Nicolás Ferraro: „Ámbar“

Ein intensiver Noir-Roman aus Argentinien mit einer ungewöhnlichen Perspektive. Es ist ein preisgekrönter Thriller, der von Kirsten Brandt aus dem argentinischen Spanisch übersetzt wurde. Dieser Roman geht einem deshalb unter die Haut, weil die Geschichte von der fünfzehnjährigen Ámbar erzählt wird. Ihr Leben ist geprägt durch ihren Vater, Victor Mondragón, einem gefährlichen Gangster. Somit ist ihre Weltsicht durch Brutalität, Einsamkeit, Flucht und Kriminalität geformt worden. Sie ist es gewöhnt, ständig neu anzufangen und in neue Identitäten zu schlüpfen. Die Mutter ist weg und der Vater hat sie nun beständig an seiner Seite. Dadurch entsteht eine ungesunde Bindung und sie liebt ihren Vater, wie sie ihn auch zu hassen vermag.

Während Gleichaltrige sich mit Spielen, Konzerten oder anderen Dingen beschäftigen, lernt sie mit der Waffe umzugehen. Sie hat selbst ein abgesägtes Gewehr bei sich und sie hat die Wunden ihres Vaters zu versorgen. Sobald sie sich um die Schussverletzungen ihres Vaters gekümmert hat, wird sie mit der Auswahl der Tarnidentität belohnt. Sie kennt nur diese Welt und findet diese abstoßend, aber auch faszinierend. Sie möchte sich ein Tattoo machen lassen und spart heimlich darauf. Doch der Vater sagt auch, jedes gestochene Bild ist dann auch ein Wiedererkennungsmotiv. So auch der Auftakt, denn der Vater sucht einen Killer mit einem tätowierten Schlangenmotiv. Jemand hat seinen Komplizen erschossen und Victor verletzt. Nachdem der Durchschuss von Ámbar verarztet wurde, begeben sie sich auf einen düsteren Trip. Eine Reise, die Ámbar immer mehr in die Welt des Vaters eintauchen lässt, aber sie ihn auch langsam in Frage stellen lässt. Sie taucht ein in das brutale Leben und in die Vergangenheit von Victor und bekommt immer mehr Zweifel.
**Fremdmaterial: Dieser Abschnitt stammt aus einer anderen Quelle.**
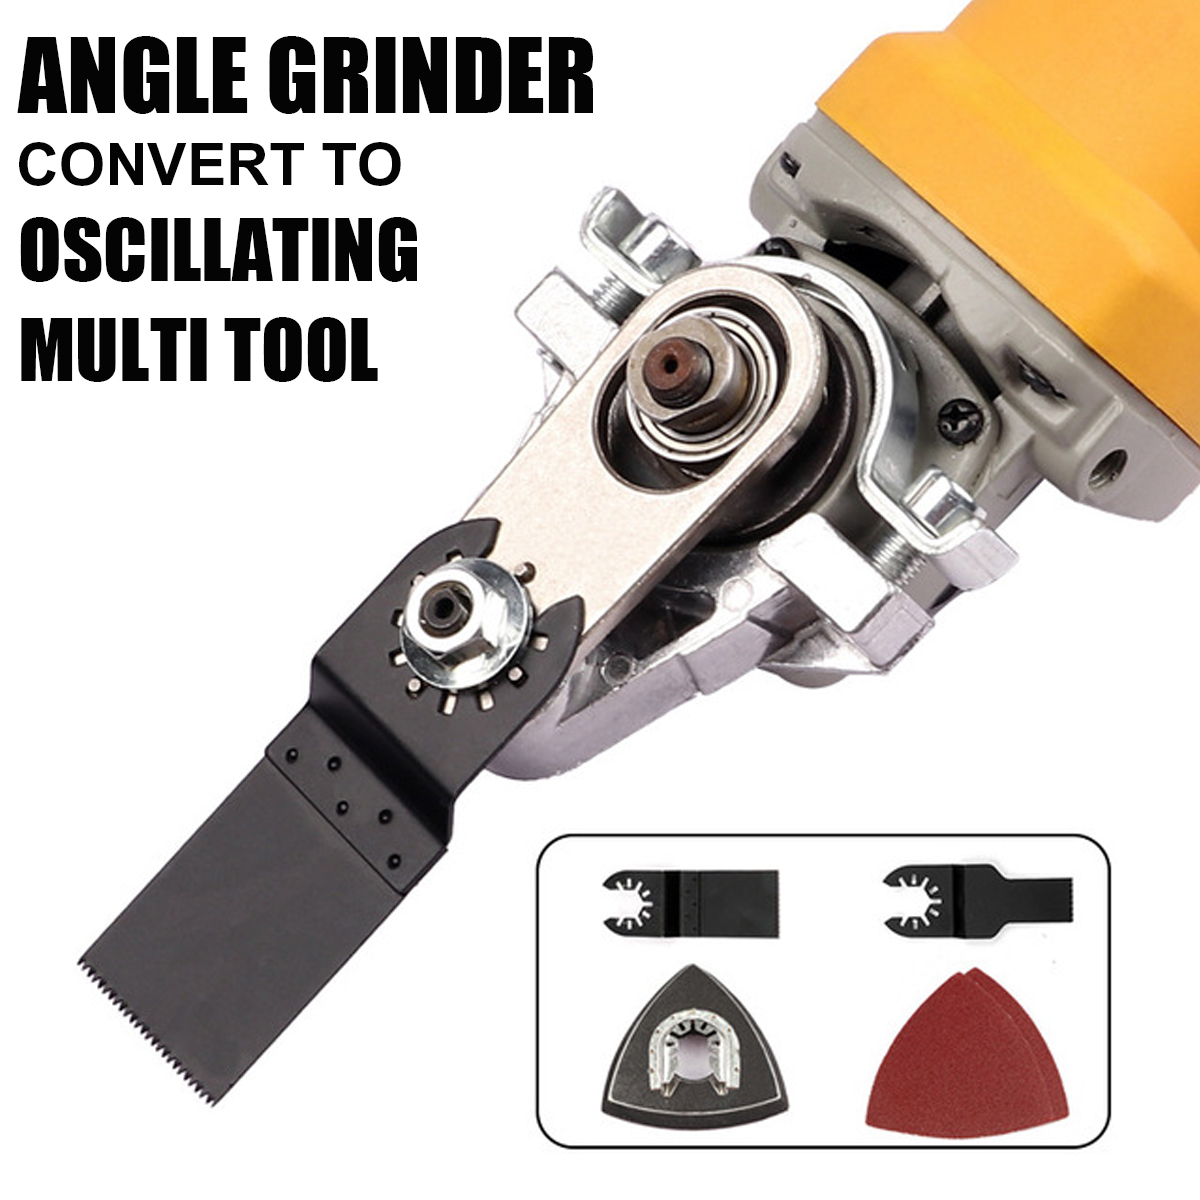 Cordless-Oscillating-Multi-Tool-Angle-Grinder-Conversion-Tool-Head-For-100mm-Angle-Grinder-1897823-3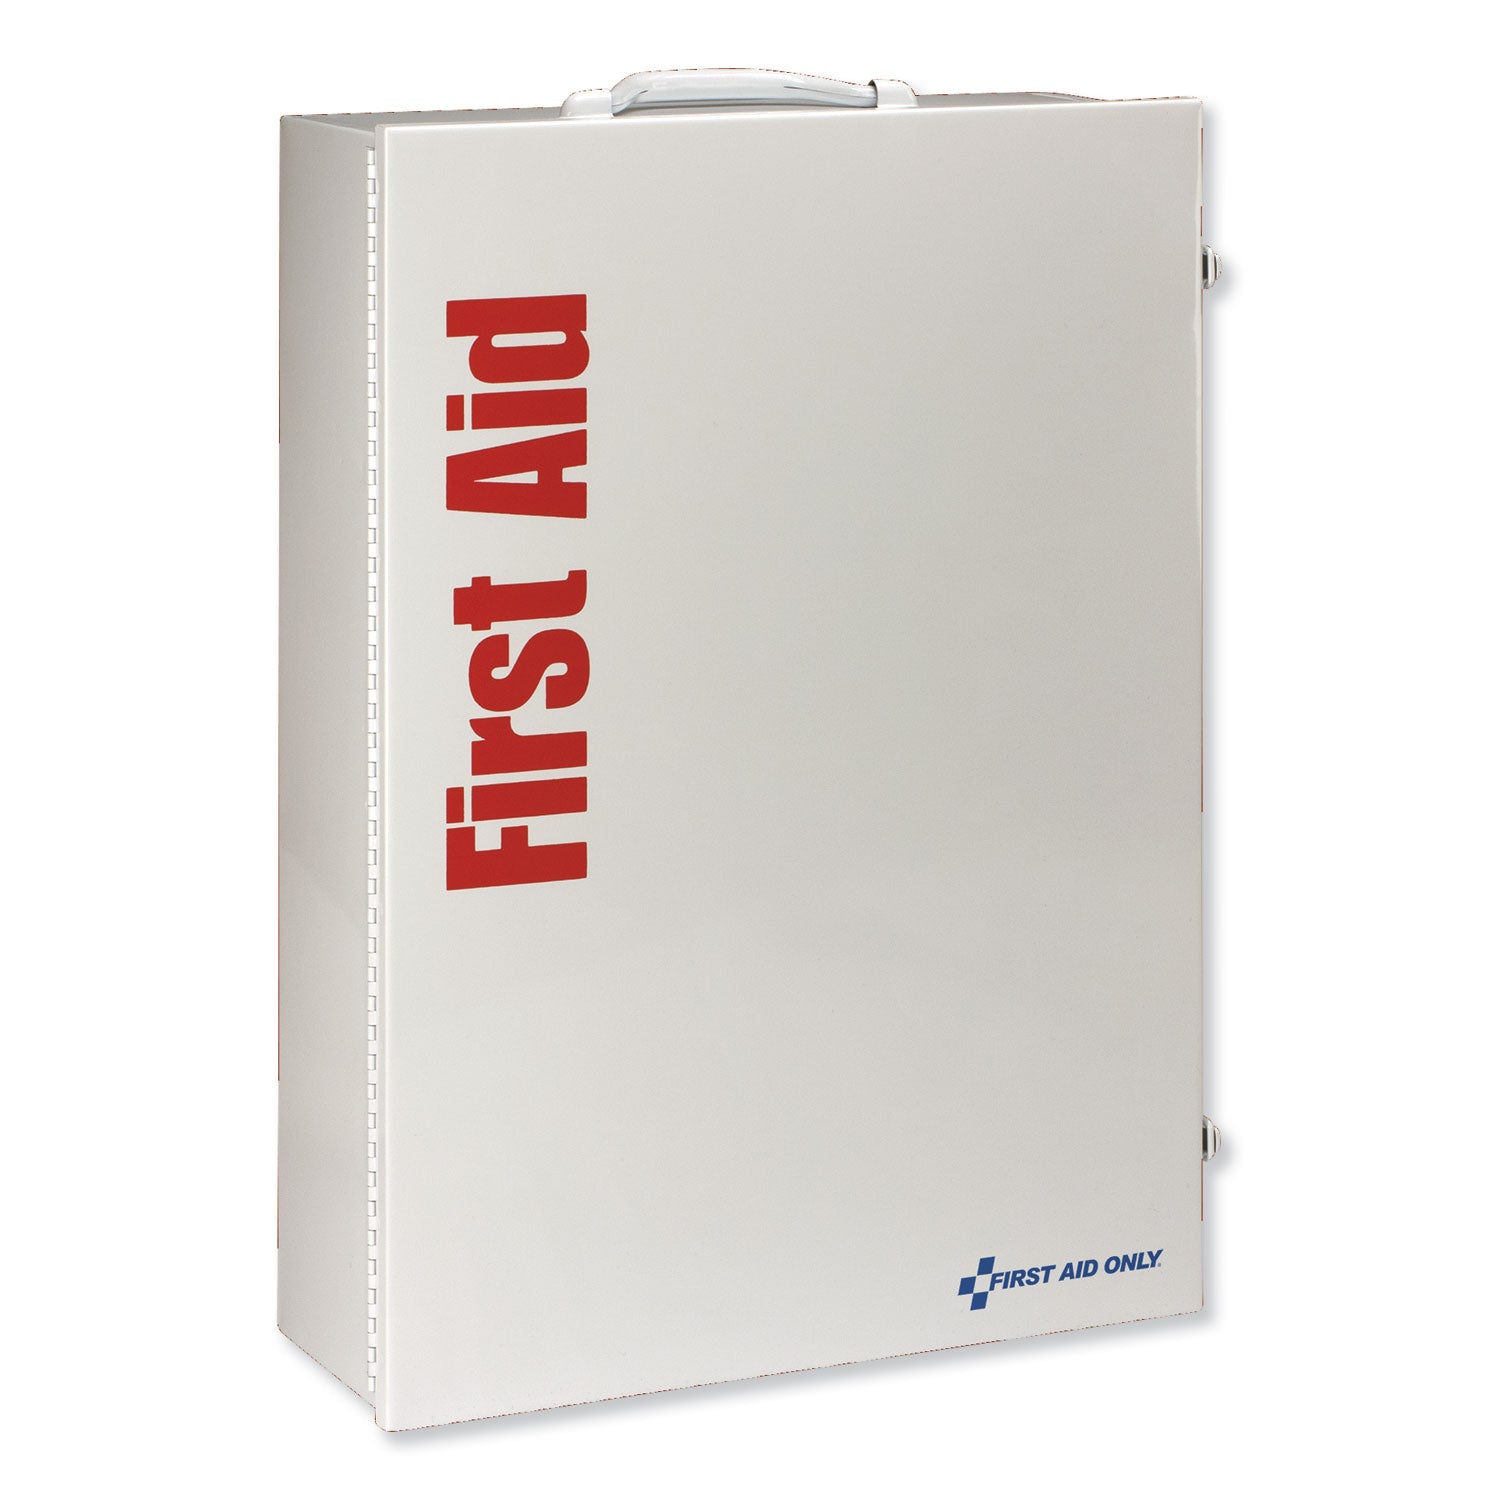 ansi-class-b+-4-shelf-first-aid-station-with-medications-1461-pieces-metal-case_fao90576 - 5

Ein packender Roman über eine junge Heldin, die ihren Weg finden muss und dabei zwischen Loyalität und Selbstschutz balanciert. Besonders ihre Entwicklung macht den Reiz dieser spannenden und nahbaren Lektüre aus. Ein charakterstarker Roman, der sofort Bilder und Emotionen erzeugt und uns an die Seite von Ámbar stellt und dadurch eine kindliche Sicht auf eine düstere, aber wohl realistische Welt offenbart. Denn hier wird eine Jugendliche zur Heldin, die durch ihr Umfeld das Kindliche abgeworfen hat.